Labor strikes are organized by workers that want to see improvements in their jobs. Whether demanding safer conditions or better pay, the act of a strike is used as a last resort to get the attention of those in power. However, news media in America focuses on one thing: expected money loss due to a strike.

A labor strike is meant to highlight the importance of the worker in relation to a company’s profits. Without the workers on the assembly line or in the warehouse, corporations wouldn’t make any money. While companies focus on the economic impact of a strike, the media should do a better job of emphasizing the worker’s demands for better working conditions.
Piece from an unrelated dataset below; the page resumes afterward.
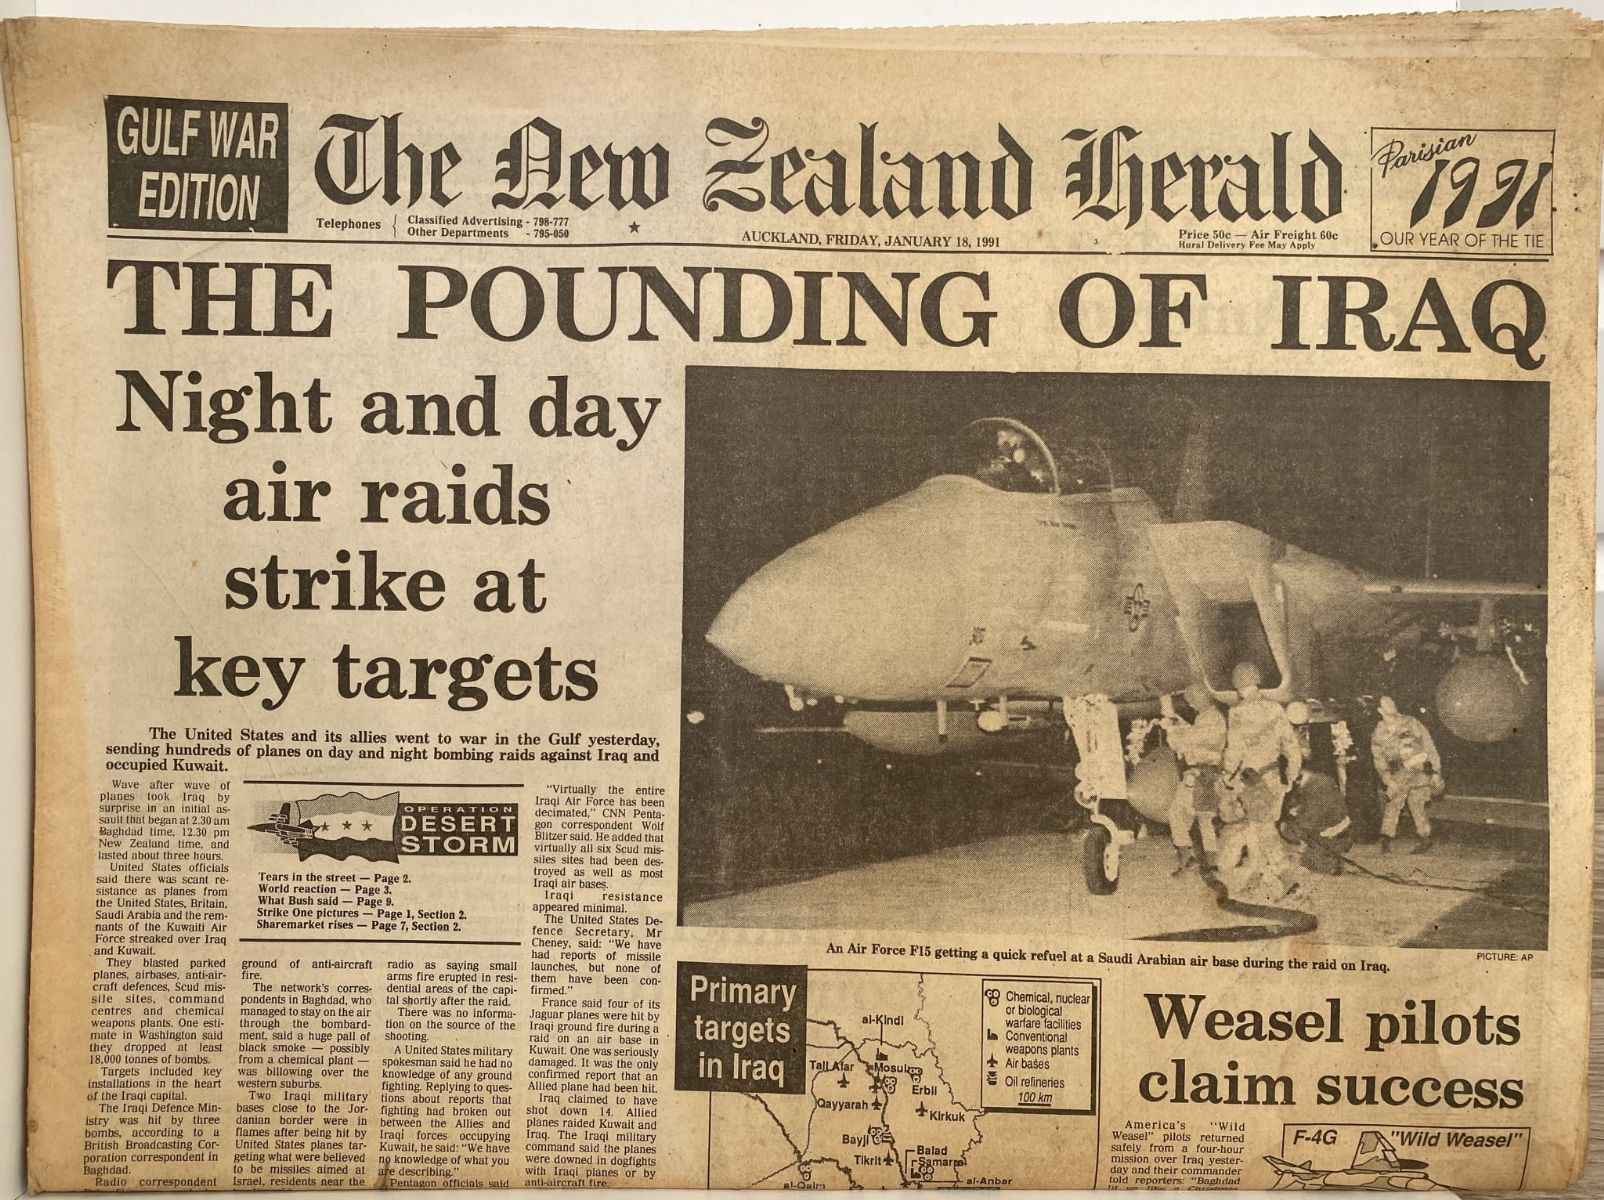 OLD NEWSPAPER: The New Zealand Herald, 18th January 1991 - Gulf War Edition

A crucial function of a journalist is to expose people abusing positions of power. This principle is abandoned when the reporting is done on the big hit a company would take if a strike occurred.

CEOs want the media to highlight profit losses and their shareholders’ portfolios. A journalist should be able to look past attempts to monopolize the narrative around labor movements — especially finding out what causes an employee to walk out of the job that supports their livelihood.

In recent contract negotiations between America’s biggest rail companies and railway unions, the news repeatedly told the story of a potential supply chain crisis if a strike were to happen. Economic experts were invited to speak to major outlets about the impact the crisis could have on consumers and businesses. Meanwhile, railway workers who demanded they be able to visit a doctor without being penalized for missing work were ignored.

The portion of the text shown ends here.